Иригари также указывает на важность тела и его
возможностей для
дружбы и любовного обмена среди женщин, а также
между мужчинами и
женщинами, что можно эффективно использовать в
феминизме. Женская
судьба станет известна только тогда, когда
женщины заговорят и проживут ее
сами, рядом с другими женщинами. Когда они
заговорят как женщины, для
женщин и мужчин, создавая пространство для
вхождения Других и обмена
идеями, мечтами, удовольствиями, жизнями. Иригари
считает странной то, как
некоторые женщины заявляют, что они пишут не как
женщины, а как
(нейтральные) люди для всех людей. Среднего рода
нет - он скрывает его. Это
значит, что такая женщина все ещ чувствует себя
неуютно как женщина, в той
культуре, в которой женщин нет, артикулирован
только один род,
человеческий, и за себя, и за того парня.

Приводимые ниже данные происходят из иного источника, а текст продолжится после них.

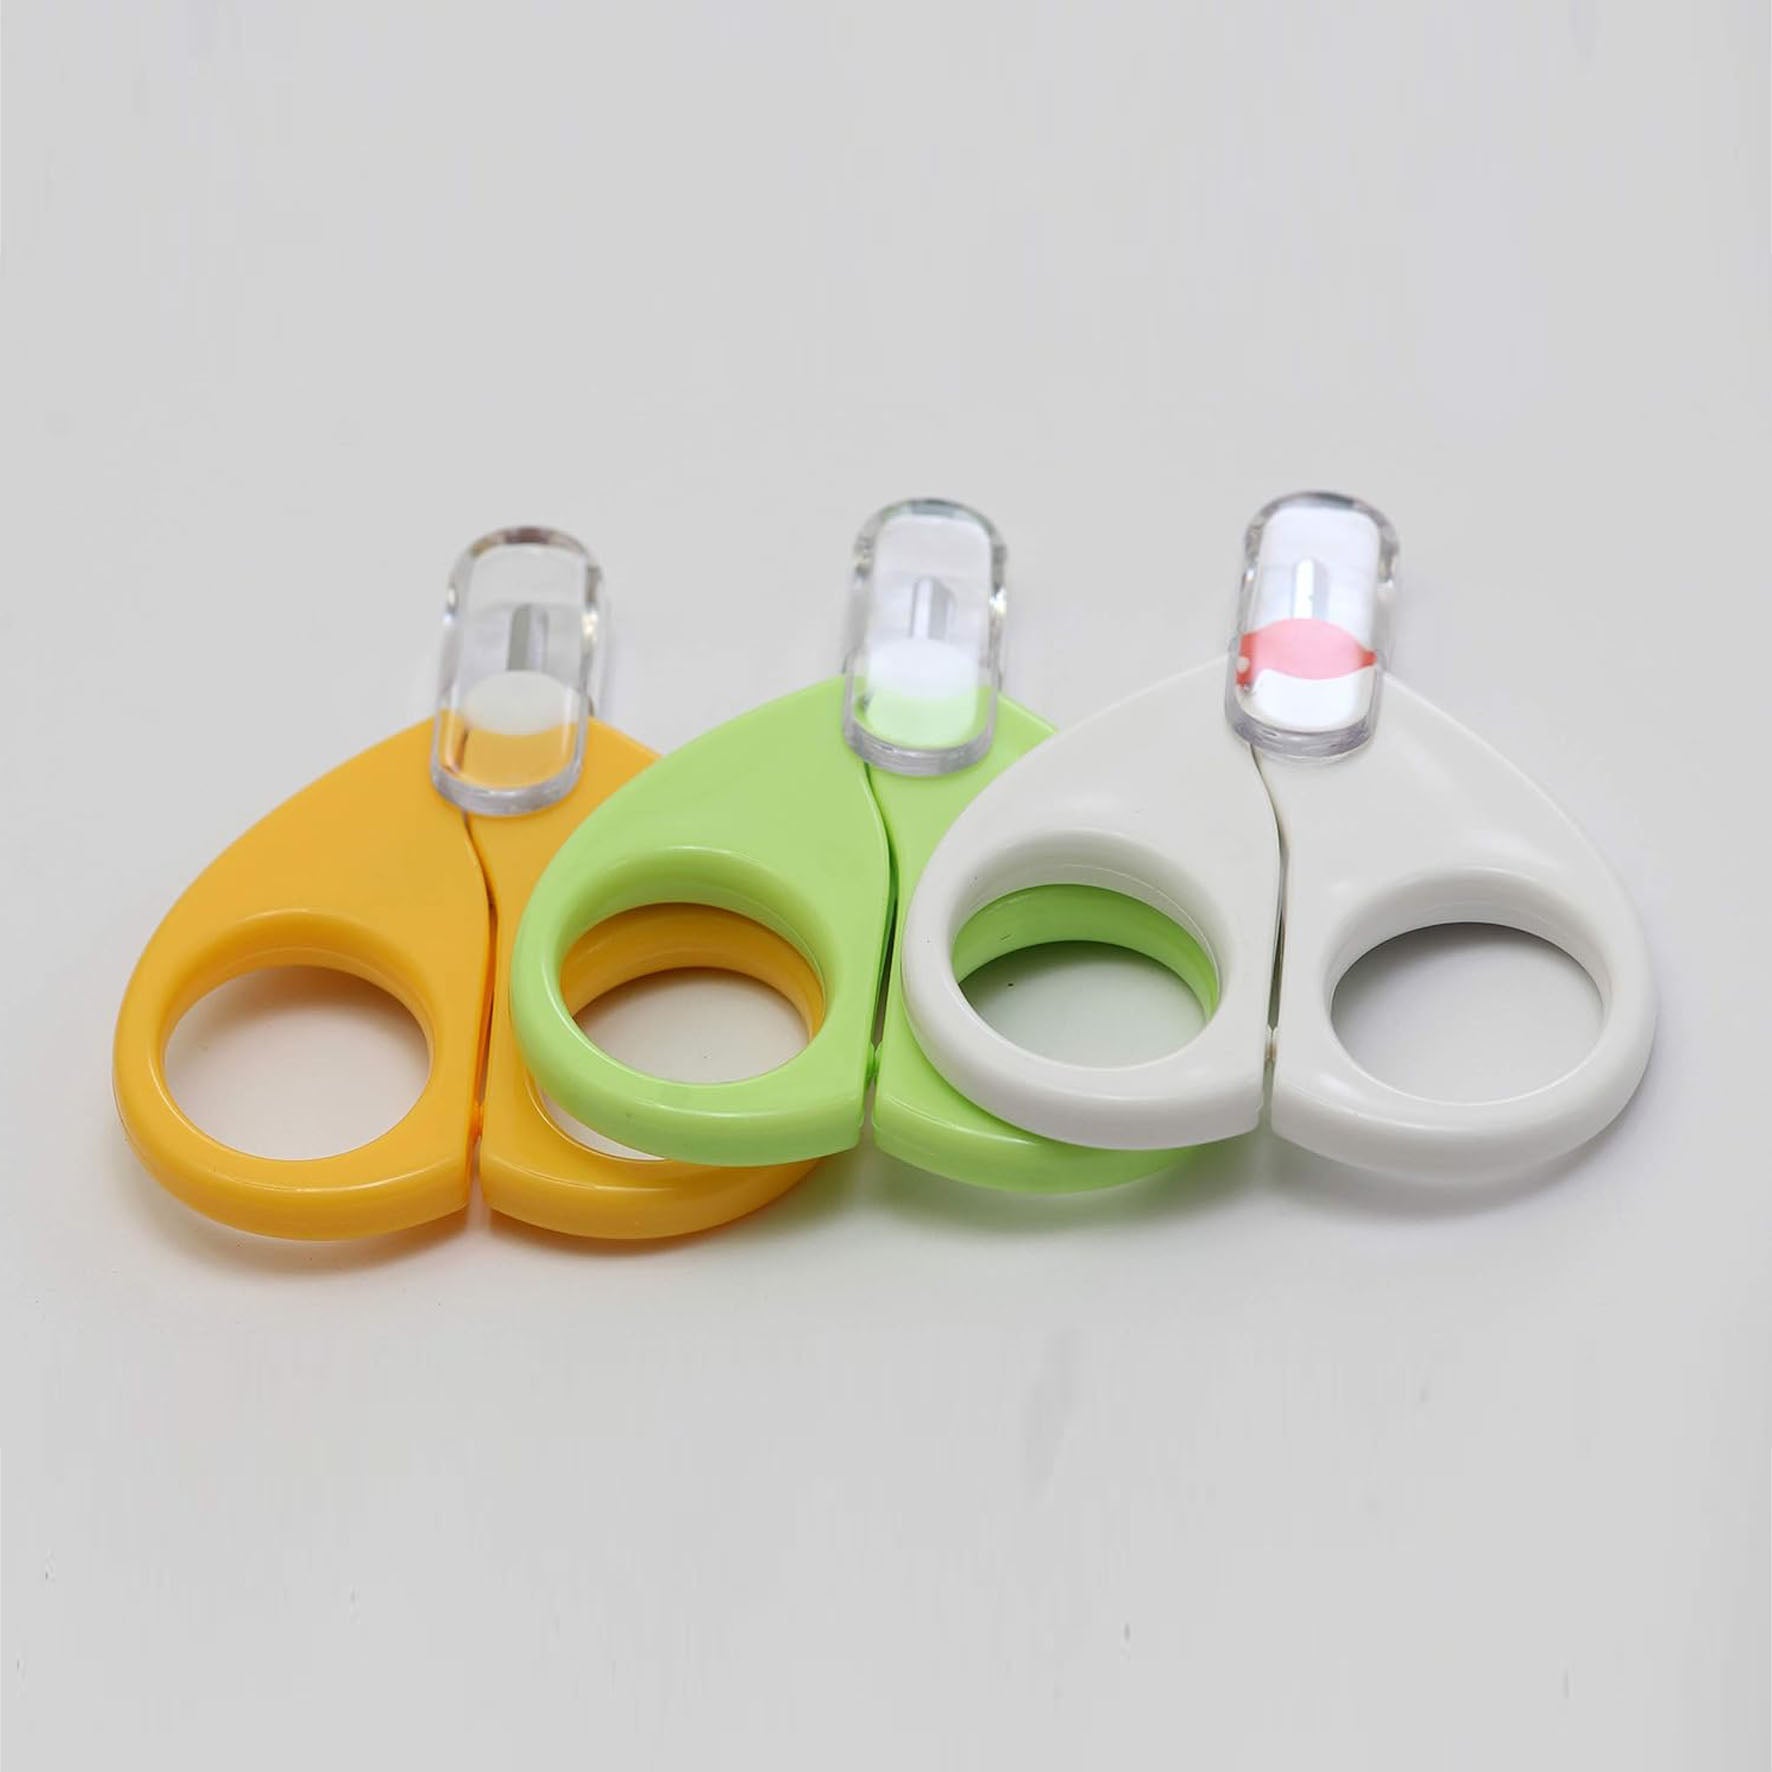 Rikang Baby Safety Scissors with Circular Cutter Head (Assorted Color)

Она хочет
быть им, - человеком, быть
средней. Кто она, спрашивает Иригари, если не
женщина? "Не принимать
участие в создании языка и в, обусловленных
полом, его сочинениях, означает
увековечивать псевдо-нейтралитет тех законов и
традиций, которые
привилегируют мужские генеалогии и их
логические кодировки" (Irigaray, 1993:
53). Женщинам важно учиться, как любить себя и друг
друга, если они хотят
стать, родиться. Когда Иригари полагает женскую
субъектность на тело и его
морфологию, наиболее эффективно не превращать
это в эссенциализацию, а
затем просто отбрасывать. Наоборот, это можно
истолковать как политический
жест, так как именно телесность позволяет нам
жить и любить как женщинам,
и делить это между собой.
Не существует никакой виртуальной реальности
до/вне наших тел и тех
силовых отношений, которые наша телесность
пропускает через себя.
Рассматривать киберпространство как
бестелесное является таким же
политическим выбором, как и видение его
воплощенным. Вместо
определения его "без тела" и его политики,
как то место, в котором мы можем
(наконец-то!) освободиться и отдохнуть от своей
неидеальной (с лишним
весом, пищеварением и старением) материальности,
нам полезно, как мне
кажется, вернуть эту соматофобию разуму
современности. Мы можем,
наоборот, политизировать киберпространство,
встречаясь в нем своими телами,
но не фантазиями о превращении или продолжении
себя в проводах, а печатая,
массируя свои уставшие пальцы, улыбаясь перед
экраном, наслаждаясь словами
и ответами друг друга, воплощающими нашу боль и
радости, проистекающими
из наших отношений, чувств, нашей дружбы. Эти поля
интенсивности
вкладываются в создание женских субъектностей,
наших и корпореальных. В
этом смысле, наша встреча здесь дает нам другого
рода возможность
чувствования друг друга, возможность новых
удовольствий и развитий,
которые не будут разрывом или простым
продолжением виртуальной
реальности, в которой мы уже работаем. Но это
другого рода воплощенность,
не менее открытая к потенциальности
удовольствия. Нам приятно быть здесь
по разным причинам, и не смотря на много еще
других причин. Нам приятно
быть в (кибер)пространстве с женщинами и как
женщинам, хотя не всегда все
гладко и без проблем: Иригари через свой анализ
европейской философии и
родового строя, которое она выражает, показывает,
что "отношения женщин со
своими матерями, дочерьми и друг с другом"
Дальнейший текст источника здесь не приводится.